The other uplifting social media interaction was a student passing on a photo to me of the tattoo her sister designed for her that she got this past week on her 18th birthday.

You notice what’s at the end there? She took a pause. She didn’t press k.

The day she got this tattoo, she was originally supposed to be in chapel listening to me give a talk I’d titled “Don’t Press K,” but then coronavirus happened and she flew back to her parents in Texas.

I threw my notes away and made cupcakes to celebrate her birthday that day. I chatted with a couple of her classmates stuck in Kandern about how I hoped to encourage young people to follow Jesus because I think it’s the best way to live. Suffering and hurt are unavoidable, and in my chapel talk, I connected that part of the human existence to how Jesus, as a human, experienced a whole lot of hurt, but unlike most humans, instead of inflicting more hurt on other people in response, he absorbed and transformed the hurt and gave out healing. When he’s in the Garden of Gethsemane before his arrest, he asks his friends to pray and they fall asleep instead – which had to hurt as they fell short in his moment of struggle. It’s only the start of hurt though as Judas betrays him, the group runs away, Peter denies him, he gets literally beaten and hung on a cross. Each time, he takes it and refuses to dish out hurt in response. He receives the hurt and transforms it to life. He literally conquers death after refusing to respond to hurt with hurt, and the juxtaposition is beautiful and intentional as I learn to live more like Jesus.

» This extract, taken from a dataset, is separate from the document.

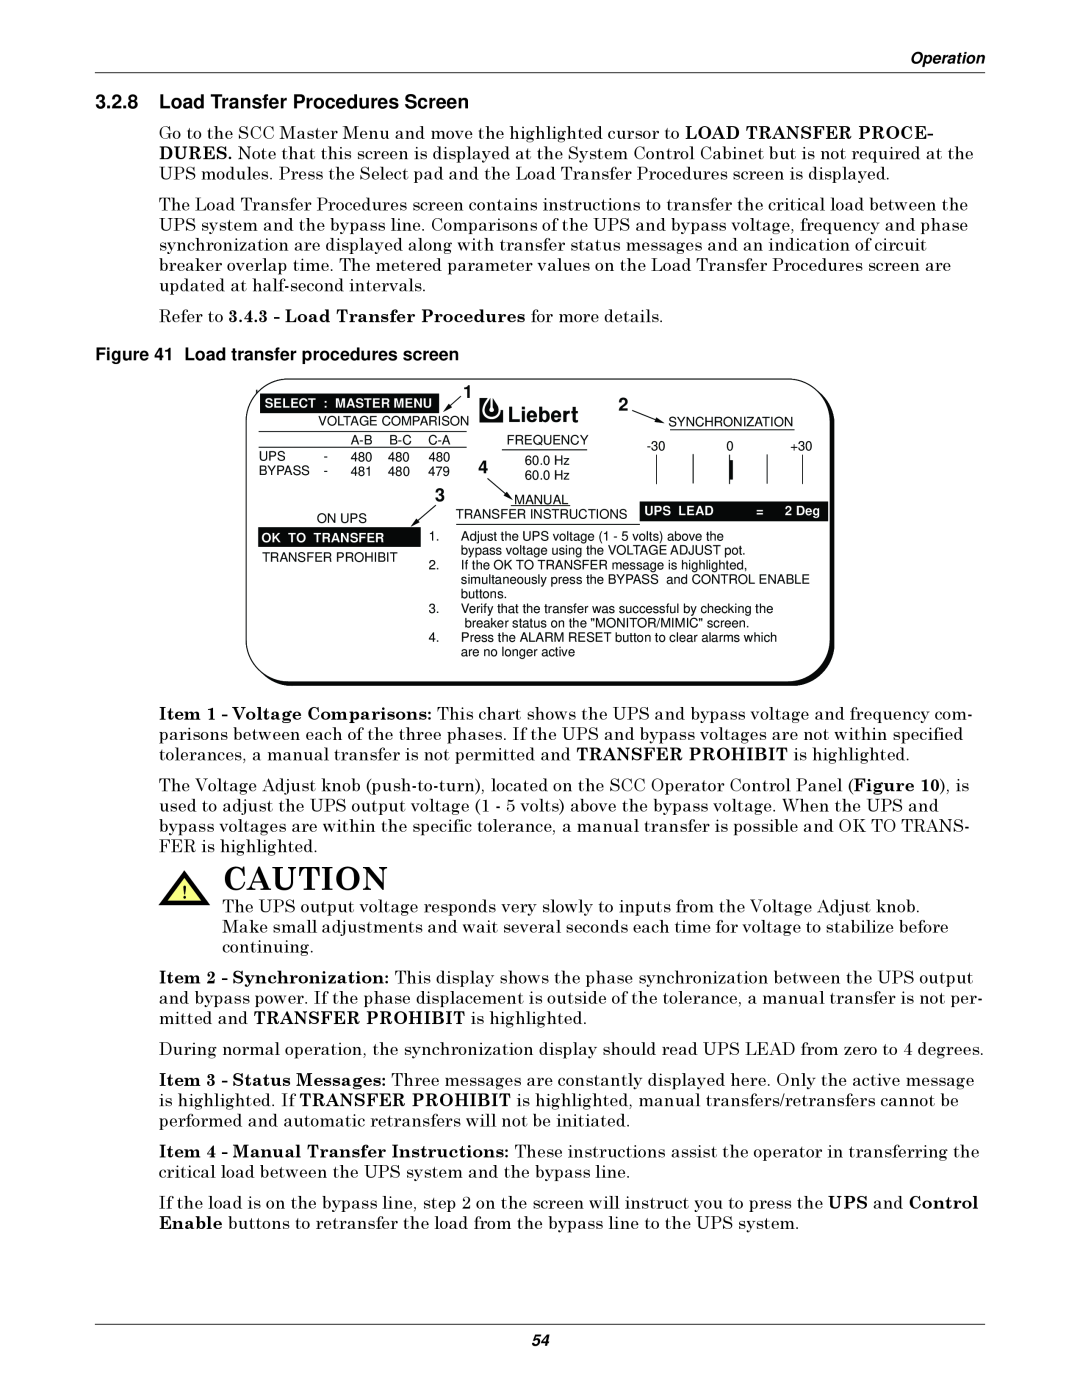 Emerson Series 610 manual Load Transfer Procedures Screen, Load transfer procedures screen

I’m learning to live more like Jesus when I receive hurt and ask Jesus to transform it into healing instead of reacting by hurting others. I confessed here a couple weeks ago that I’m still not great at that. I’ve acted out of hurt more than I’d like to admit in the past few weeks, but I’ve also made some intentional pauses to consider the implications of my actions – for example, I have come to realize that the “press k” default I have to cut my losses when someone hurts me and avoid all other human contact is actually hurtful to the people who love me and receive love from me. The press pause where I evaluate what God has called me to do and how I can offer grace and healing to others and extend life to those who are hurting is a much better option.